We study at the laboratory scale the rupture of thin floating sheets made of a brittle material under a wave-induced mechanical forcing. We show that the rupture occurs where the curvature is maximum and the break-up threshold strongly depends on the wave properties. We observe that the critical stress for fracture depends on the forcing wavelength. Hence our observations are incompatible with a critical stress criterion for fracture. Instead, our measurements can be rationalized as an energy criterion: a fracture propagates when the material surface energy is lower than the released elastic energy, which depends on the forcing geometry. In light of these findings, it may be worthwhile to revisit current numerical models of sea ice fracture by ocean waves.

Figures (4)

• Figure 1: a) Sketch of the experimental set-up, showing the varnish layer and the one dimensional profilometry system. b) Experimental measurements of the dispersion relation of surface waves propagating under a varnish layer of thickness $h = 158 \pm 22~\mu$m (blue circles) obtained from a single experiment. The gravito-capillary dispersion relation (black dashed line)is superimposed. The experimental data points lie on the flexural branch, $\omega^2 \sim k^5$.

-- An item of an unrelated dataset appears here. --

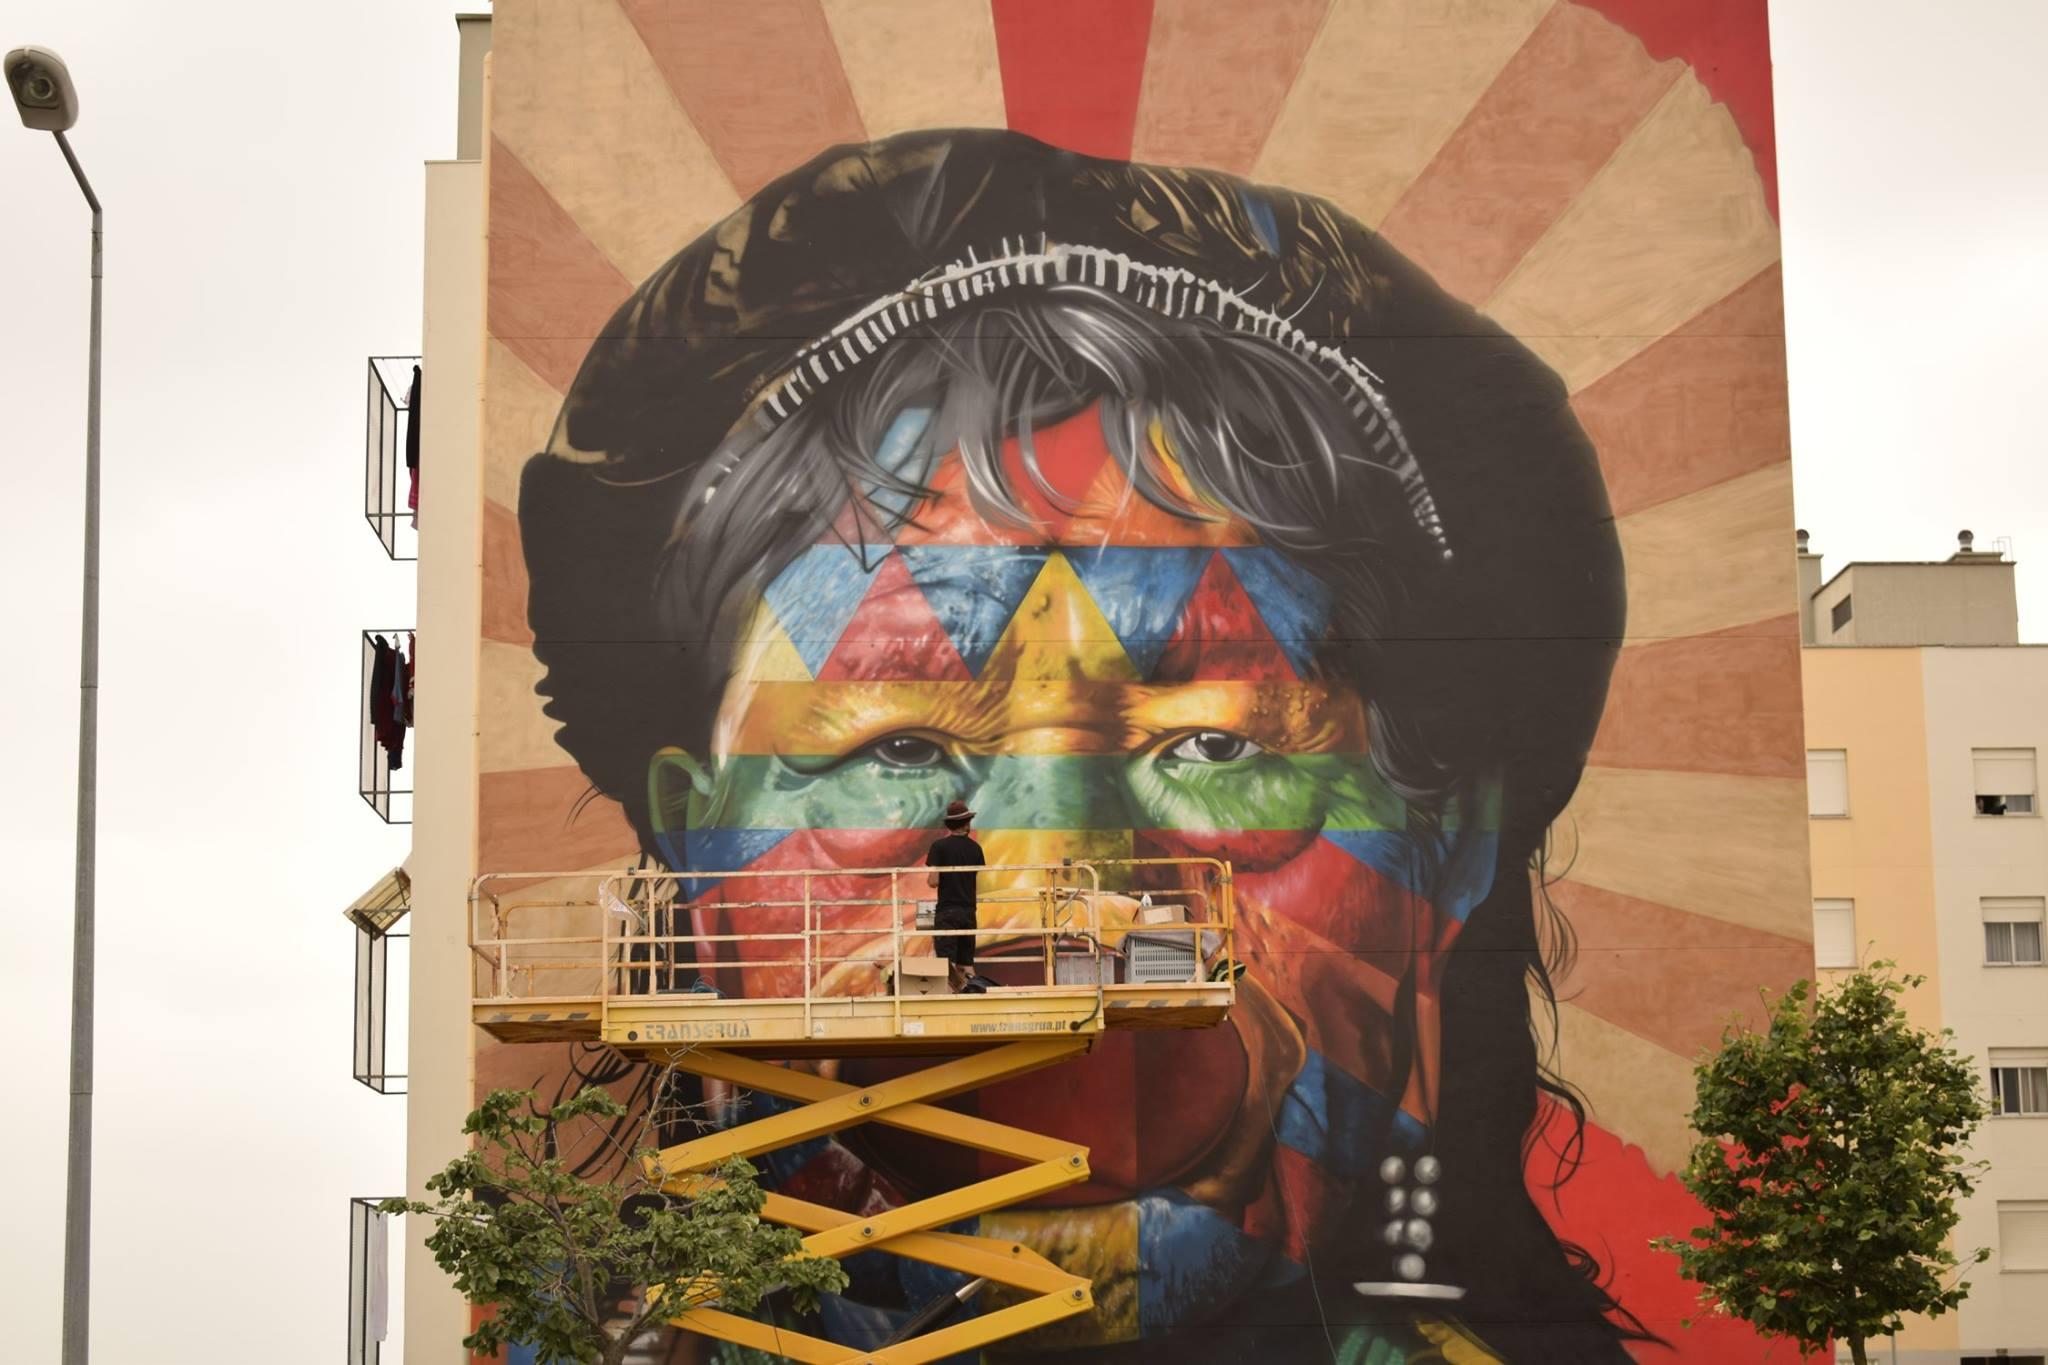 muro festival arte urbana marvila lisboa 2017 kobra

• Figure 2: a) 3 Photographies issued from the fracture of a single varnish sheet ($h \simeq 150~\mu$m) by propagative waves ($f = 3.33~$Hz, $A = 6.7~$mm and $\lambda = 14~$cm), after 12, 105 and 203 periods. 2)b) Photography of a varnish layer after $307$ periods with $\lambda = 27~$cm, $A = 5.9~$mm, $f=2.397~$Hz and $h = 90 \pm 13~\mu$m. The varnish has broken on the anti-nodes of the waves. c) Schematical representation of the sheet geometry near a fracture tip. A planar, non-linear wave locally induces a curvature on a characteristic length $L_{\kappa}$ in the transverse direction. For a large enough amplitude, a fracture of length $L_{crack}$ propagates along the wave crest/trough.
• Figure 3: a) Crack propagation in a varnish layer of thickness $h = 57\pm8~\mu$m for waves ($\lambda=43.12~$cm) of increasing amplitude (images 1,2 and 3), respectively $A=0.96/1.18/1.34~$cm. b) Crack length $L_{crack}$ as a function of the wave amplitude $A$ corresponding to the experiment of [Fig. \ref{['fig:3']}a)]. A linear fit of the experimental data (red line) gives the threshold amplitude for break-up $A_c = 1.01~$cm corresponding to $L_{crack}=0$. c) Wave amplitude threshold $A_c$ as a function of the wavelength $\lambda$ for different varnish layers, showing a linear relationship in a log-log scale. The varnish layer breaks in the non-linear wave regime of propagation, since $A_c k \simeq 0.16$.
• Figure 4: a) Wave profiles near the maximum of curvature for different wavelength. The normalized relative elevation $\eta-\eta_{min}/(A_{max}-\eta_{min})$ is plotted as a function of the position $x$ in unit of $\lambda$. The wavelength varies from $6.2$ to $54.1$cm. The average $L_{\kappa}$, the half width at maximum curvature, is showed with a blue circle, highlighting the auto-similarity of the wave profiles as well as their non linearity. b) Half width of max curvature $L_{\kappa}$ as a function of the wavelength $\lambda$ for the closest wave profile to the threshold. It shows a linear relationship $L_{\kappa} = \alpha \lambda$, with $\alpha = 0.079\pm 0.004$. c) Curvature threshold $\kappa_c$ for fracture as a function of the wavelength $\lambda$, compatible with $\kappa_c = \beta \lambda^{-1/2}$ with $\beta = 5.82\pm0.6$ m$^{-1/2}$.